Spiral blurring correction with water–fat separation for magnetic resonance fingerprinting in the breast

• Published in: Magnetic resonance in medicine Vol. 83; no. 4; pp. 1192 - 1207
• Main Authors: Nolte, Teresa, Gross‐Weege, Nicolas, Doneva, Mariya, Koken, Peter, Elevelt, Aaldert, Truhn, Daniel, Kuhl, Christiane, Schulz, Volkmar
• Format: Journal Article
• Language: English
• Published: United States Wiley Subscription Services, Inc 01.04.2020
• Subjects: Adult; Algorithms; Blurring; blurring correction; Breast; breast imaging; Cartesian coordinates; fat bias; fat water blurring; Female; Fingerprinting; Humans; Image Processing, Computer-Assisted; Magnetic resonance; magnetic resonance fingerprinting; Magnetic Resonance Imaging; Magnetic Resonance Spectroscopy; Mapping; Phantoms, Imaging; quantitative MRI; Separation; Tumors; Water; Young Adult; blurring correction; quantitative MRI; magnetic resonance fingerprinting; fat water blurring; breast imaging; fat bias
• ISSN: 0740-3194; 1522-2594; 1522-2594
• DOI: 10.1002/mrm.27994

Purpose Magnetic resonance fingerprinting (MRF) with spiral readout enables rapid quantification of tissue relaxation times.

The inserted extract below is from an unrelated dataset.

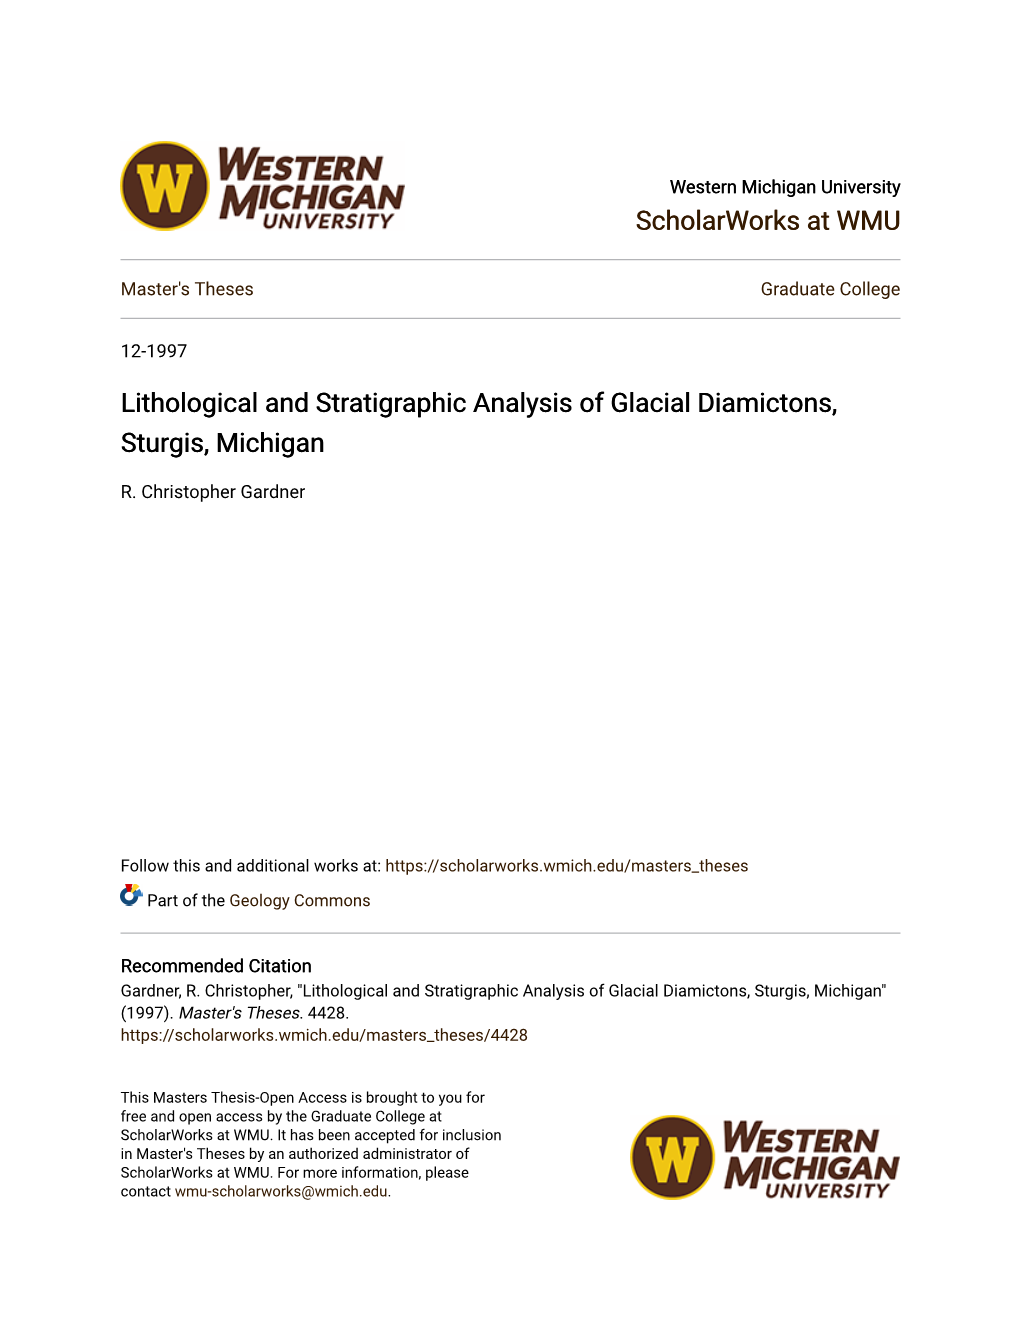 Lithological and Stratigraphic Analysis of Glacial Diamictons, Sturgis, Michigan

However, it is prone to blurring because of off‐resonance effects. Hence, fat blurring into adjacent regions might prevent identification of small tumors by their quantitative T1 and T2 values. This study aims to correct for the blurring artifacts, thereby enabling fast quantitative mapping in the female breast. Methods The impact of fat blurring on spiral MRF results was first assessed by simulations. Then, MRF was combined with 3‐point Dixon water–fat separation and spiral blurring correction based on conjugate phase reconstruction. The approach was assessed in phantom experiments and compared to Cartesian reference measurements, namely inversion recovery (IR), multi‐echo spin echo (MESE), and Cartesian MRF, by normalized root‐mean‐square error (NRMSE) and SD calculations. Feasibility is further demonstrated in vivo for quantitative breast measurements of 6 healthy female volunteers, age range 24–31 y. Results In the phantom experiment, the blurring correction reduced the NRMSE per phantom vial on average from 16% to 8% for T1 and from 18% to 11% for T2 when comparing spiral MRF to IR/MESE sequences. When comparing to Cartesian MRF, the NRMSE reduced from 15% to 8% for T1 and from 12% to 7% for T2. Furthermore, SDs decreased. In vivo, the blurring correction removed fat bias on T1/T2 from a rim of ~7–8 mm width adjacent to fatty structures. Conclusion The blurring correction for spiral MRF yields improved quantitative maps in the presence of water and fat.